PREPLANNING CHECKLIST
Preplanning Checklist
Losing someone is overwhelming enough. Add all the decisions, paperwork, and “what do we do now?” moments on top of it, and your family ends up juggling stress they never asked for. Preplanning is basically your way of saying, “Let’s not make this harder than it has to be.”
By handling the details ahead of time, you spare your loved ones from scrambling, guessing, or trying to make big decisions while running on grief and bad coffee. It’s one of the simplest gifts you can give them — fewer surprises, fewer arguments, and a whole lot less chaos.
Choose the Type of Service You Want
Preplanning doesn’t just ease the burden on your family — it also guarantees your wishes don’t turn into a guessing game. Some families handle decisions well, and others… well, let’s just say not everyone should be making big choices while grieving and running on casseroles.
Here’s what you get to decide ahead of time, while you’re calm, alive, and not in a hurry:
• Pick the funeral home and director you actually want — not whoever your cousin recommends because “they had a coupon.”
• Choose the type of service you want: traditional, cremation, donation, or whatever fits you best.
• If you want a traditional burial, decide where you want to be buried so your family isn’t driving around comparing plots like they’re house‑hunting.
• Meet with the funeral director and look at casket or urn options before it becomes a high‑pressure, last‑minute shopping trip.

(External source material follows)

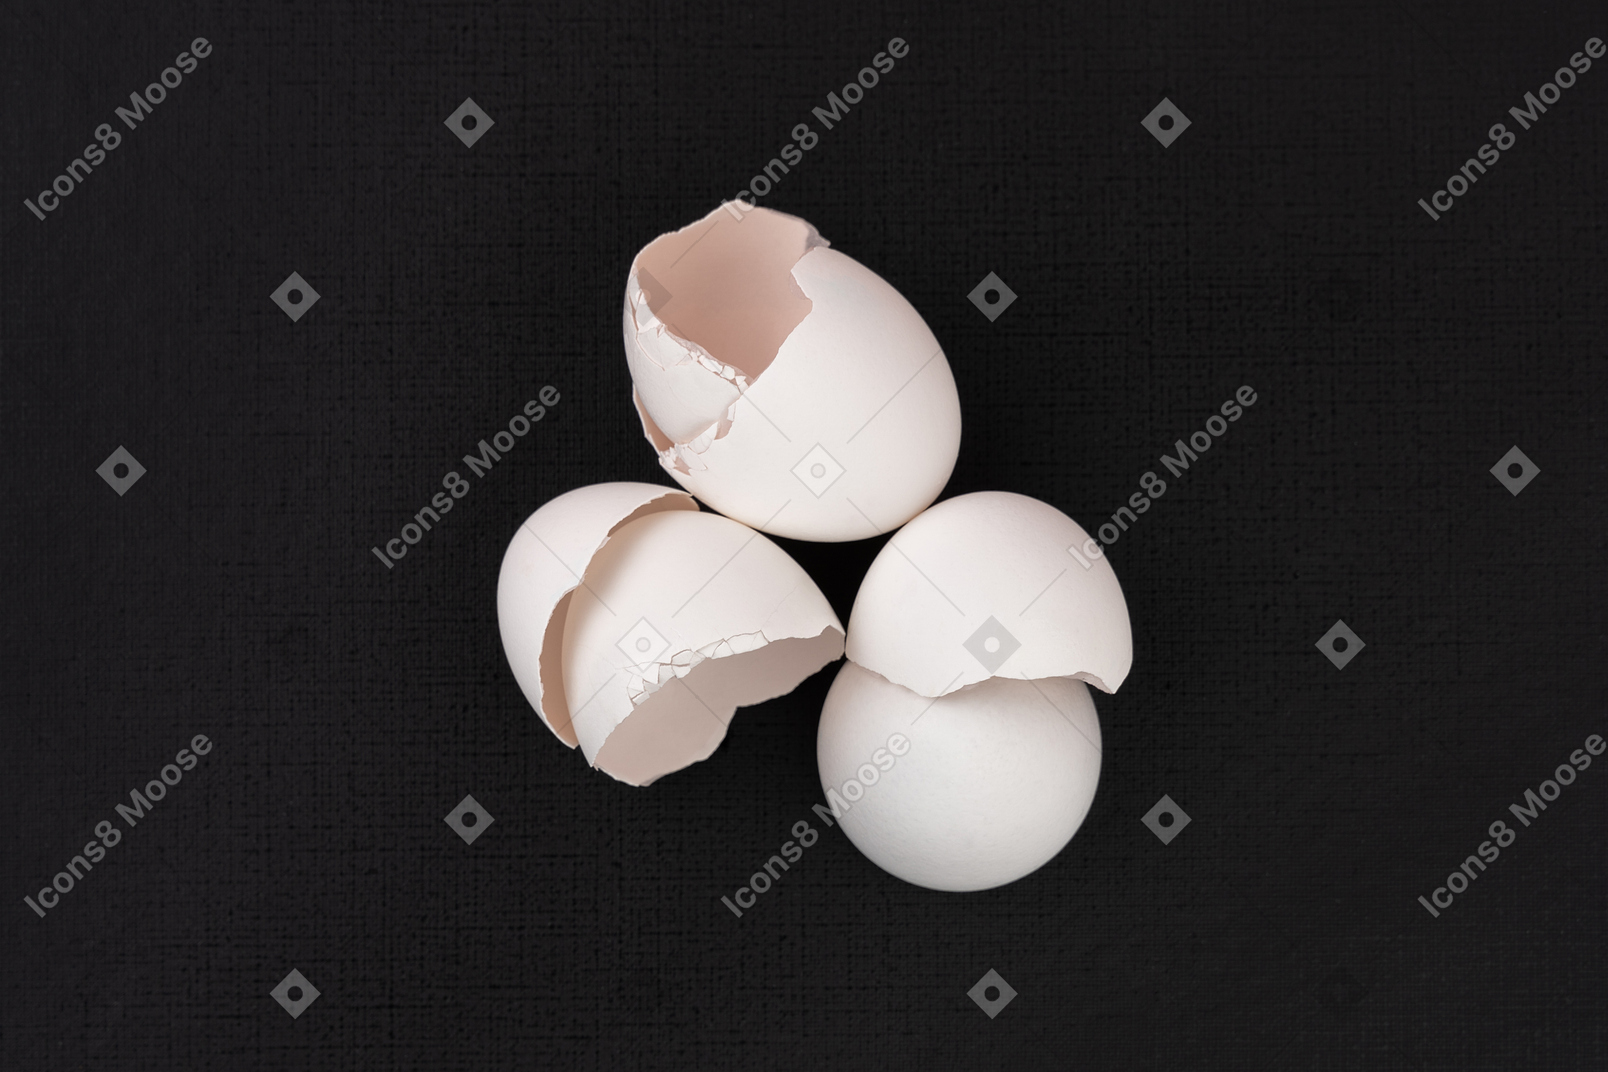 Eggshells in the dark

• If you’re choosing burial, pick out clothing now so your family isn’t standing in your closet debating your fashion legacy.
• Decide where you want the service held — a funeral home, a religious space, a meaningful location, or a simple graveside gathering.

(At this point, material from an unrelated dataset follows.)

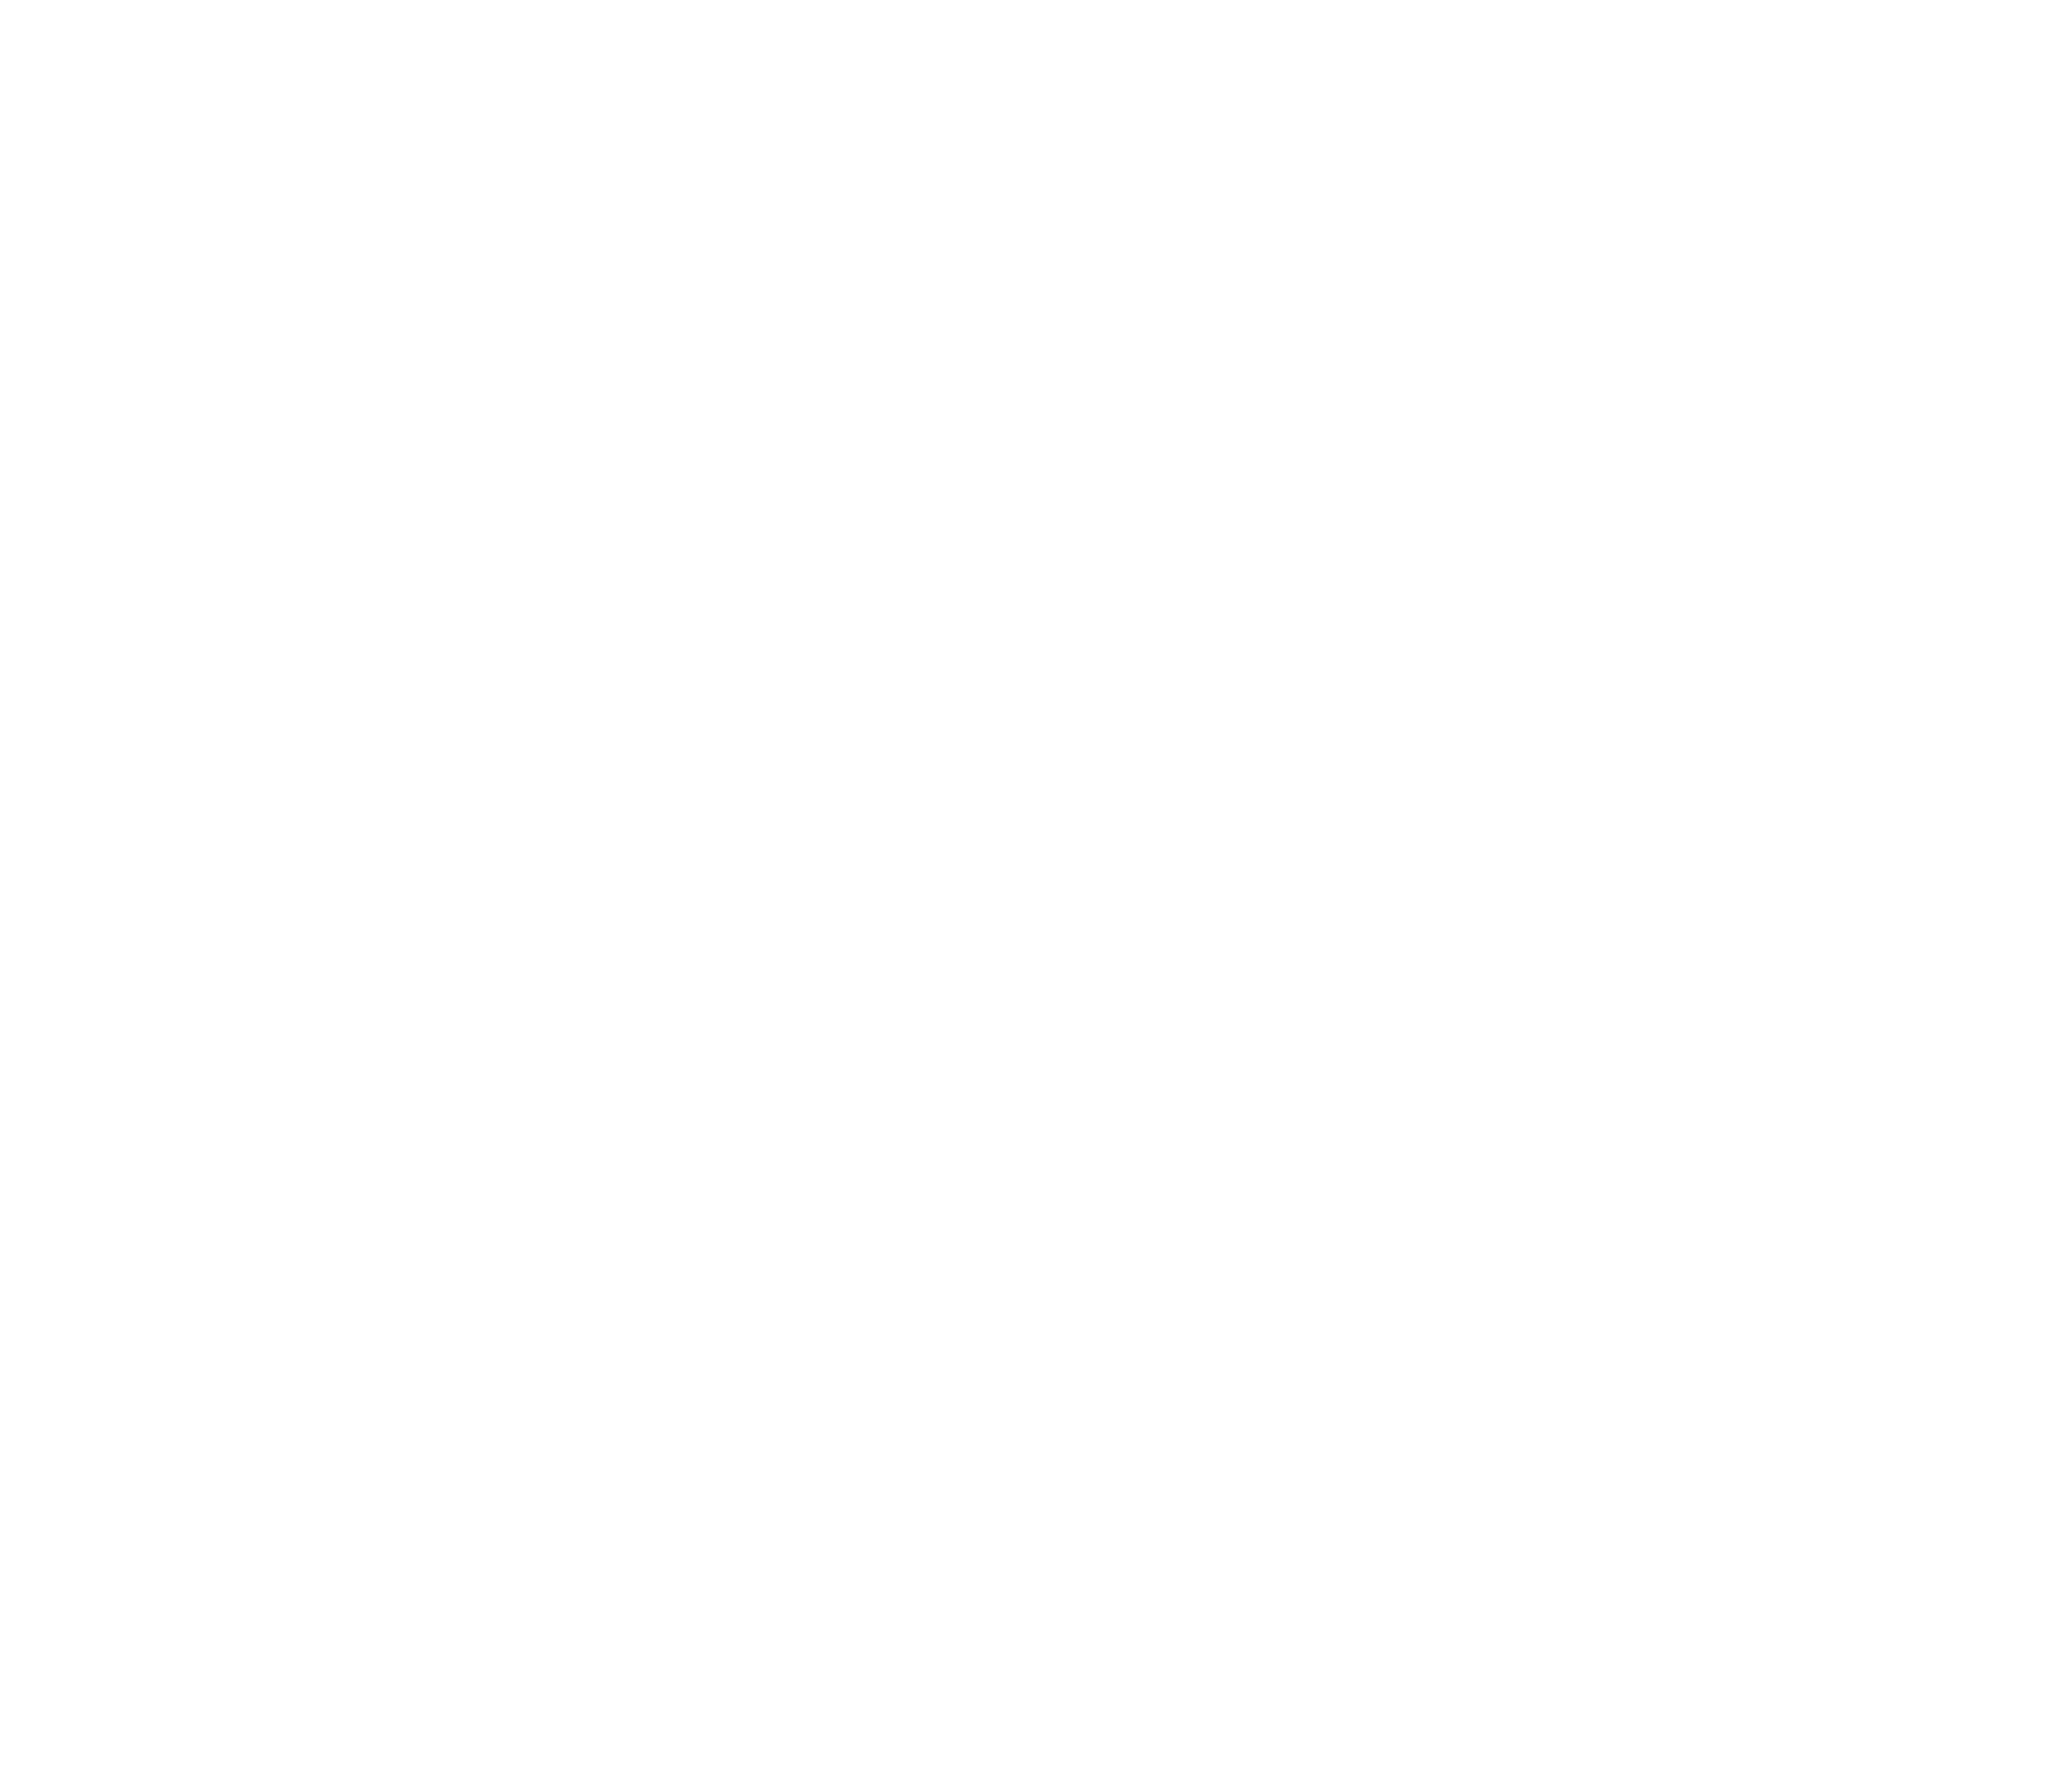 Balance Scale Icon

• Figure out the flower situation: big arrangements, small arrangements, no flowers, or donations to a charity instead.
• Choose who you want involved in the service — pallbearers, speakers, officiants — and maybe even warn them ahead of time.
• Pick the music you want played so no one accidentally chooses something wildly off‑brand for you.

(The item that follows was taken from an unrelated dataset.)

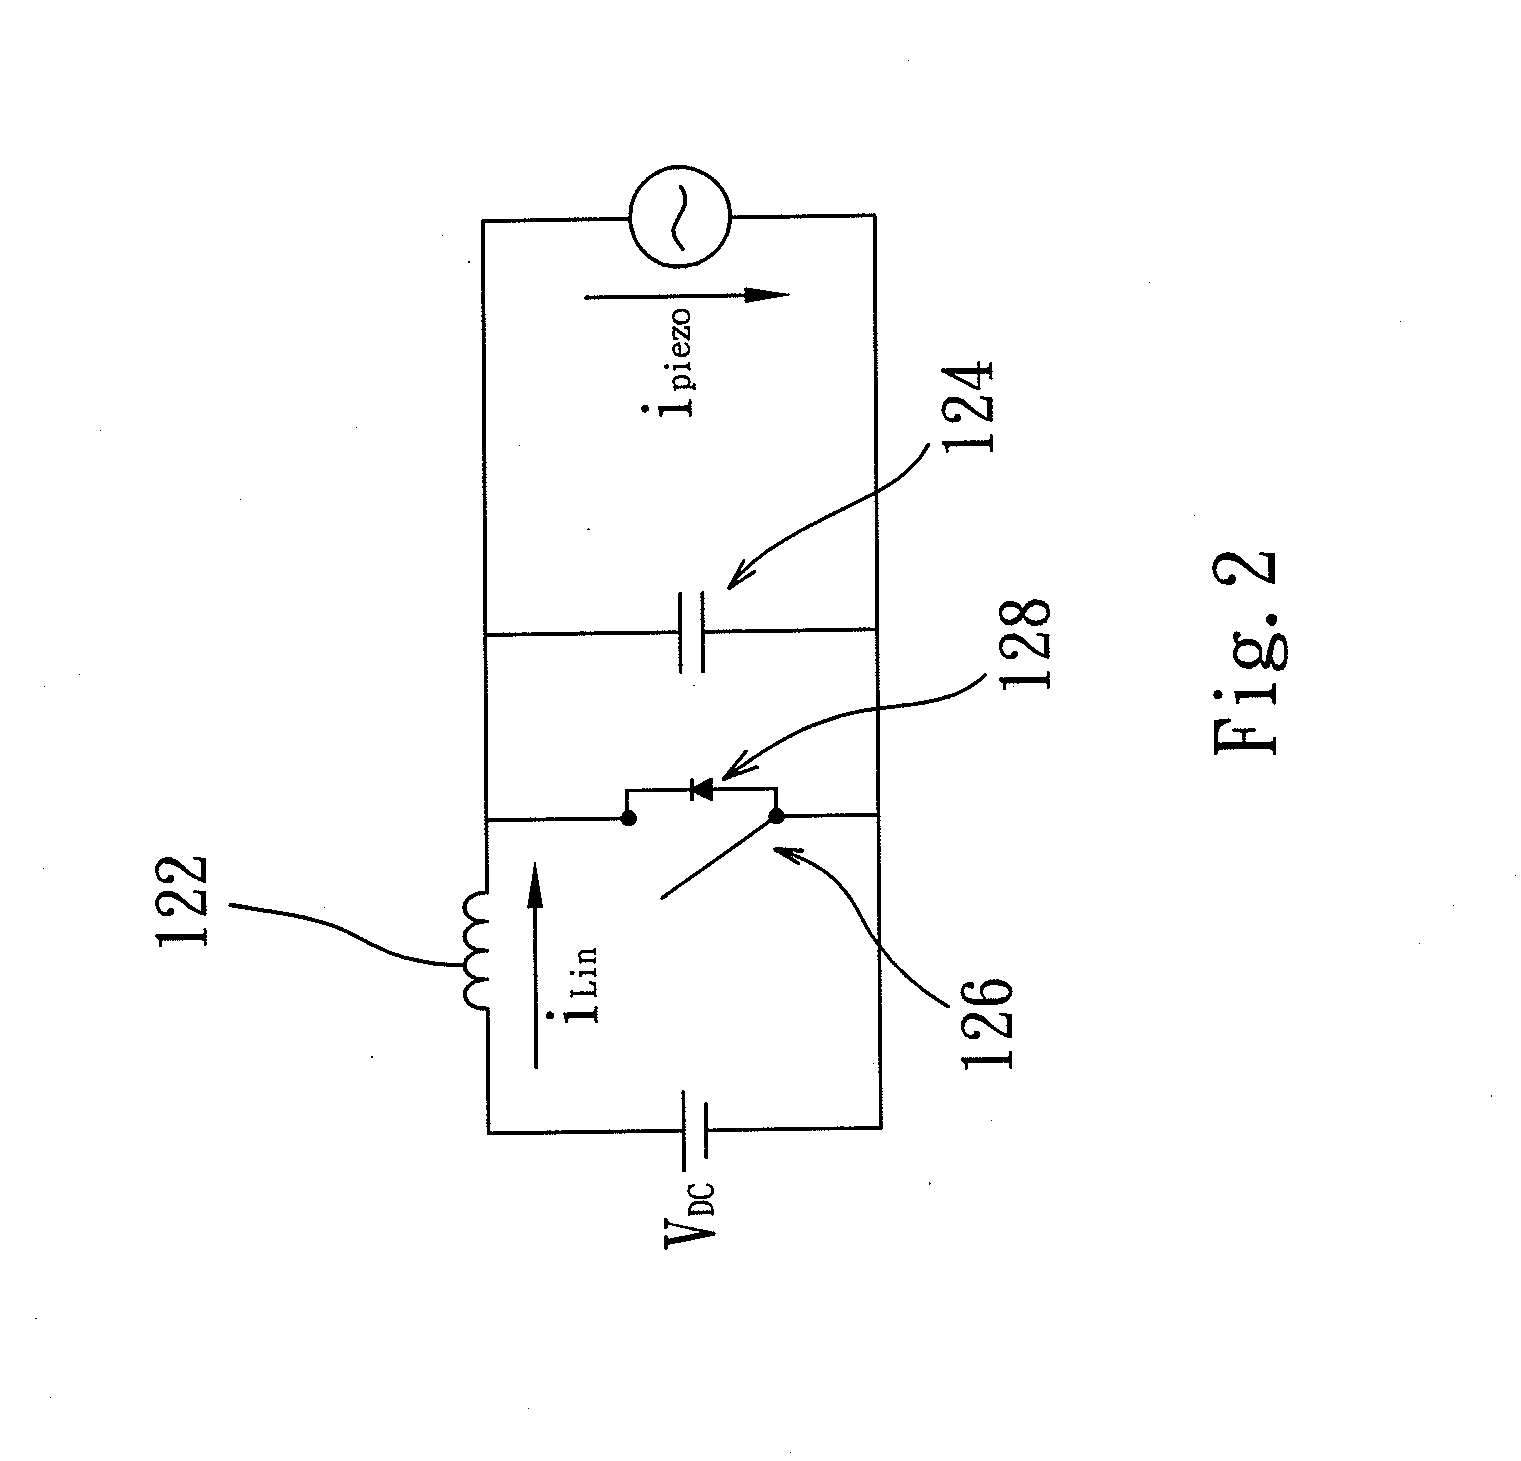 Piezoelectric resonator light-emitting-diode (LED) driving circuit

• Write your obituary or at least jot down the important details so your family isn’t crowdsourcing your life story under pressure.
- Preplanning isn’t about being morbid — it’s about making sure your family isn’t left sorting through decisions you could easily make now with a clear head and a sense of humor.
Choose Who You Want to be in Charge
Your family and friends usually want to follow your wishes — they just need clear instructions instead of a mystery to solve. A little planning now saves them from guessing later.
Here are the basics to sort out ahead of time:
• Make sure someone (ideally your executor) actually has a copy of your will, not just a vague memory that “it’s in a drawer somewhere.”
• Give a trusted family member or friend a list of important accounts they’ll need to handle. Otherwise they’ll spend weeks trying to figure out who to call and what to cancel.
• Choose someone to be your power of attorney so decisions don’t end up being made by the one relative who volunteers simply because they were the first to answer their phone.
• Pick someone to cancel your utilities and subscriptions so you’re not still paying for Wi‑Fi, streaming services, and a gym membership you didn’t use even while alive.
A little clarity now saves your family from confusion later — and keeps them from having to guess their way through your final to‑do list.
Choose To Pay In Advance
Planning your service ahead of time isn’t just about decisions — it can help financially too. If you’re able, paying for things in advance means your family isn’t standing at a funeral home counter trying to figure out who’s covering what. It’s one of the few times in life where “paid in full” actually feels like a gift.
Here are the big things you can take care of now:
• Cemetery services and your burial plot — because no one wants their family comparison‑shopping real estate at the last minute.
• All funeral arrangements: casket, urn, flowers, transportation, and any specialized services — basically everything that would otherwise turn into a very expensive group decision made under stress.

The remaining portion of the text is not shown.